How shall we build a 50 page segment with a segment keeper? We first build three 16 page segments and a two page segment. The segment nodes defining the 16 page segments must be black in order hold the 16 page keys for the constituent pages. We then make segmode keys to these four segment nodes and place them in a new node that we format as a red segment node. Also in the new node is the start key for the segment keeper. If the new node were not red there would be no room for the segment keeper key.
If the top node were black, segment keys to the node would specify an lss of 4 and the segment would be forever limited to 256 pages because there is no general way to find and access all of those segment keys. With a red segment node the lss can be increased to meet future requirements because the only record of the lss is in the red segment node to which we may retain access.
Specifically we are vulnerable to instruction termination due to protection exceptions caused by mismatch of storage key and PSW key. We seek here the minimum kernel architecture change to support programs in coping with machines that terminate upon protection exceptions when those programs are expected to run thru ports to machines with such behavior.
The bit in the data byte that we define here may also be of use in machines that sport memory mapped IO.
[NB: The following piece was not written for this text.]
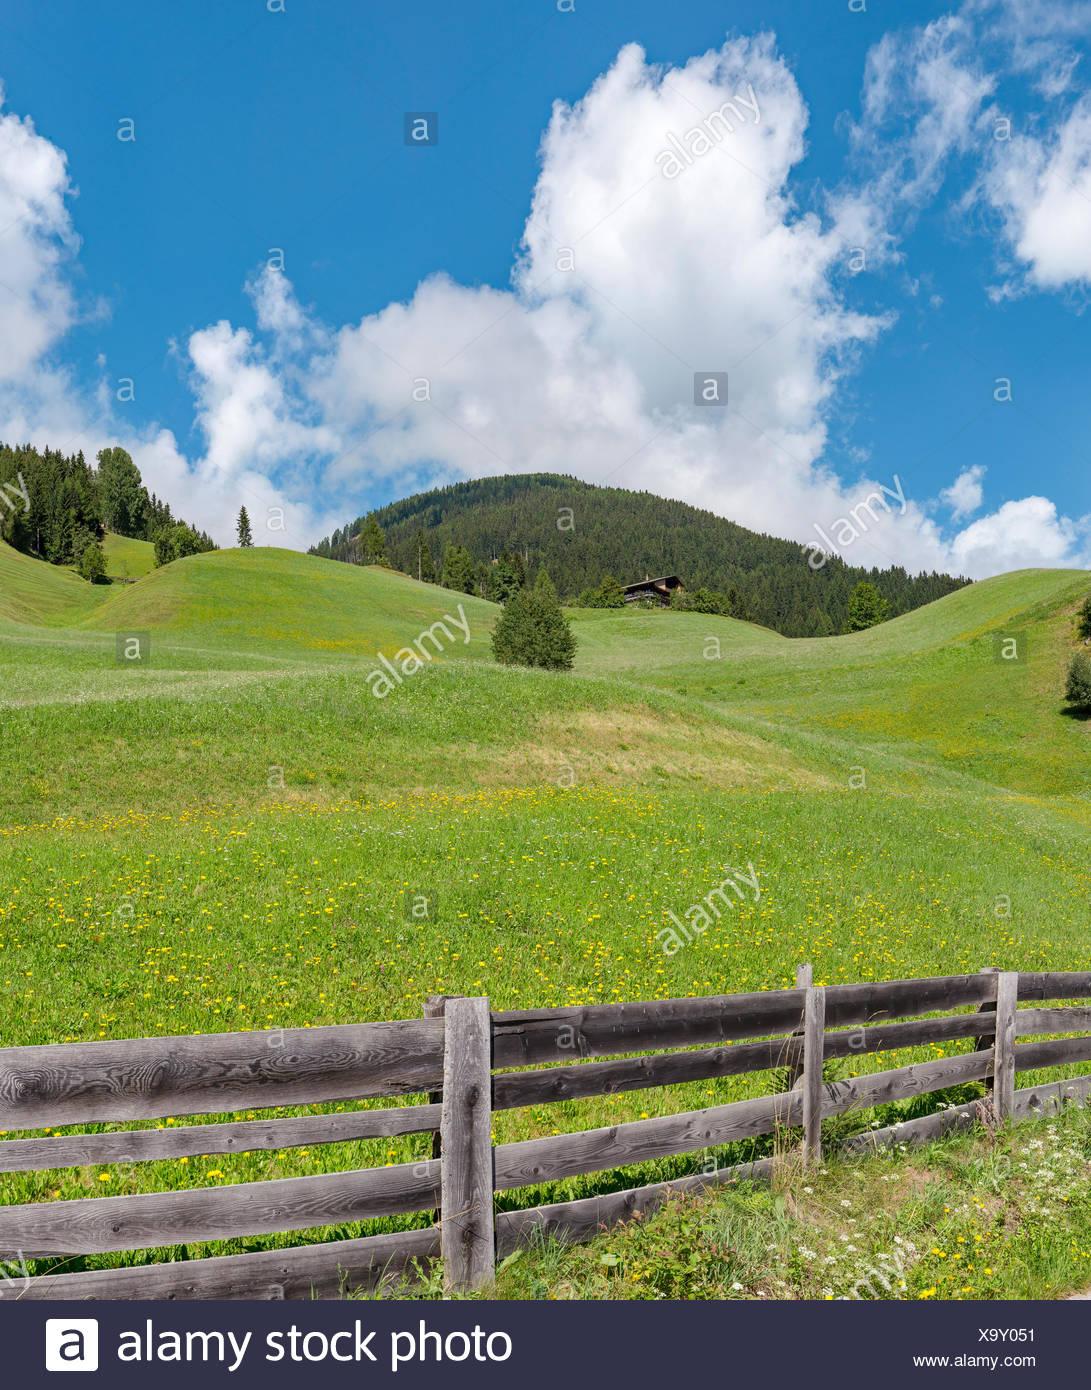 Sillian Autriche,Rolling hills au mont am Gerberbach 201 g Photo Stock

Consider a state machine M that travels down the memory tree from the domain to the page. Call the states A, B, C, W and F just now. As a domain performs a read access, M is initialized to state A. The initial state is W for a domain that performs a write operation. Four stimuli drive M's state. Encounters with TP (Termination Protection) bits, encounters with RO (read-only) bits on a CPU that does not terminate, encounters of RO on CPUs that do (ROT), and page keys.
State B - Need write access if CPU terminates
State C - Need read only access
State W - Need write access
State F - Futile, will fault, but how?
An entry "fault" in this table indicates that the state machine stops at that point in the tree and a fault in reported to the appropriate keeper. Non read-only faults are not shown above. State B, encountering a RO bit on a CPU that terminates (ROT) may either fault or go into state F depend on the model of the kernel. If a non-memory key should occur subsequent to the RO bit then some other access fault would be reported to the segment keeper.
I find the above information much clearer as a state diagram.
An alternate state diagram
The TP bit is never ignored. This state machine has the advantage, I think, in the following case. If the memory tree has a TP bit, then a RO bit, then a bad key, it will complain about the key regardless of what kind of machine you run on. Another advantage is that the test for the kind of machine is done only once, just before filling in the page table entry.
The meaning of the message to the segment keeper in this latter case is: "Someone tried to access a page in your segment. He only has read access but does not want read access unless he can have write access." How is the keeper to respond?
{ni}Define a way to get a page key with the TP bit. The kernel is coded to interpret bit but not to produce it.
An application that intends to write into an area of storage that may be kept by a segment keeper that is designed to respond to write faults, interposes a memory key with the termination protection bit set. This has the effect of signaling the segment keeper with a write fault upon first read of a given page of the segment. There are two interesting cases. (1) The real write is nearly as early as the first read, in which case there is little extra cost. (2) The real write comes never or much later. In this case an extra page is required for this duration that would not otherwise have been needed on machines that do not terminate instructions.